Publicly owned courses, however, are not granted this safe harbor, and all courses are required to do an accessibility study.

One prominent golf course architect called the new rules a “game changer,” and added, “Goodbye bent grass, hello fescue,” alluding to fescue’s ability to be hardier when dealing with surface pressures. His fear is that by allowing golf carts on greens, the turfgrass conditions will deteriorate.

Others are more optimistic. Writing on Internet site GolfClubAtlas.com, pre-eminent golf course architect Tom Doak said, “You have to be able to get a riding mower to every green and tee, so handicapped access is not really a big deal. If the law means that people with disabilities are going to use it as an excuse to drive a golf cart right onto a green, there could be some interesting moments. And possibly more clubs will quickly add some of those Casey Martin one-man carts. But golf courses aren’t going to change the grass on all the greens because of this rule.”

The vehicles in question have wide, pressure dispersing tires. Moreover, courses will still have the right to deny carts access to greens if conditions would dictate that such cart access would damage the green, such as after a rain storm or a frost.

Architect Jeff Brauer, who was the American Society of Golf Course architects liaison to the ADA rules commissions meeting back in the early ’90s believes architects won’t be overly burdened.
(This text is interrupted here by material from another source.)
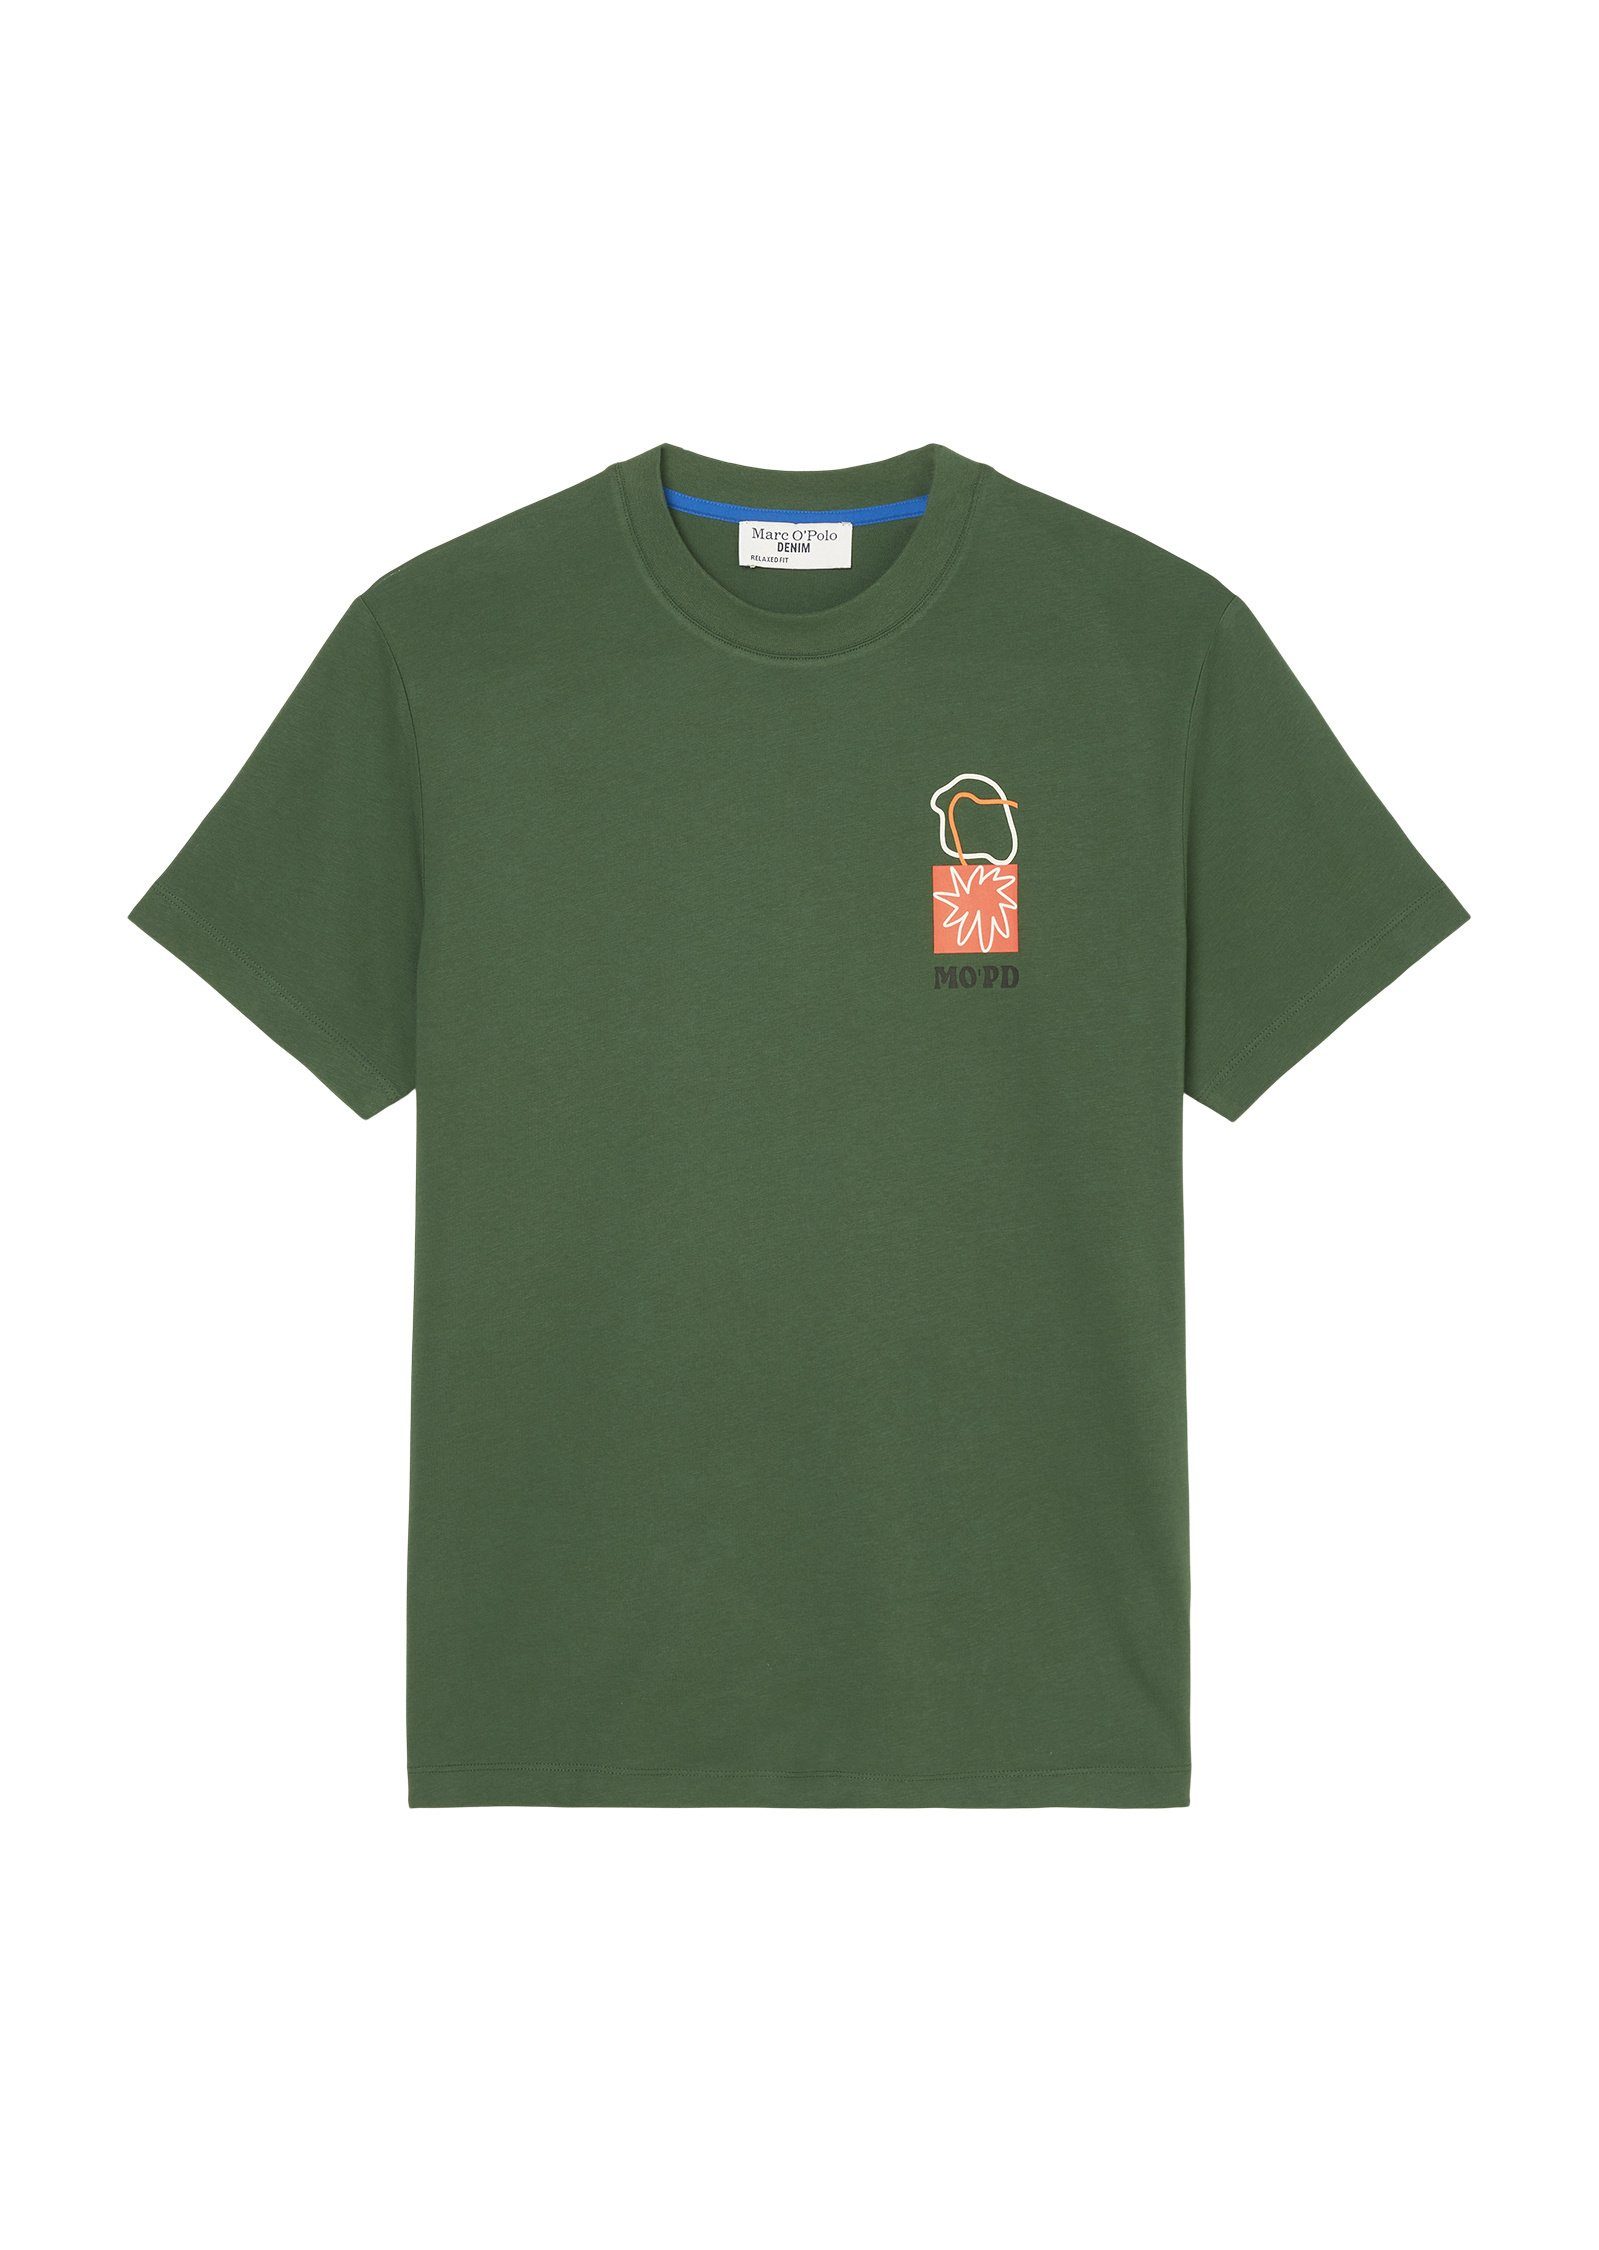 nach grün Marc O'Polo je Farbe Rückenprint T-Shirt markantem mit DENIM

“I’ve been building greens that way for the last 15 years.”

Former president of the ASGCA Bruce Charlton, a design partner with Robert Trent Jones, Jr. hailed the new rules.

“These rules are reasonable additions. We want to encourage people with disabilities to play golf, and it’s exciting to see the level of their interest. Their gumption and desire is special. Let’s just hope people are reasonable and that the rules are reasonably interpreted.”

Still, another Internet commentator irreverently, but accurately noted, “Reasonable [is] the most dangerous word in law.” Since the ADA statue is complaint driven, non-compliance actions are possible. Complaints can take the form of private lawsuits or, in the case of large businesses showing a pattern or practice of discrimination, prosecution by the Department of Justice. In a similar scenario, the DOJ began prosecuting prominent New York City restaurants for non-compliance with accessibility rules. The iconic Rosa Mexicano restaurant was the first named defendant in what is expected to be a deluge of litigation against the most popular NYC restaurants in the Zagat’s Guidebook. Having never been the subject of any prior complaint, Rosa’s takes issue with both the accuracy of the government’s claims of inaccessibility and the pretext of the restaurant’s Zagat’s popularity as a reason for being singled out in a lawsuit.

As such, some are concerned about the possibility of a wave of opportunistic litigation against golf courses, citing the examples of Florida and New York City lawyers bringing hundreds of ADA lawsuits against mom and pop businesses who can ill afford expensive litigation and bad press, and therefore just pay up. Moreover, according to an advisory sent out by the National Alliance for Accessible Golf, the second most important person at the golf course (behind the owner) is the course attorney – even more so than the architect.

“That’s never good news,” said one New York City golfer. “We tend to over-lawyer things far too much in this country and it’s bad for business. You can’t make money and hire employees with lawyers breathing down your neck. It’s bad for the economy too have too much regulation and litigation.”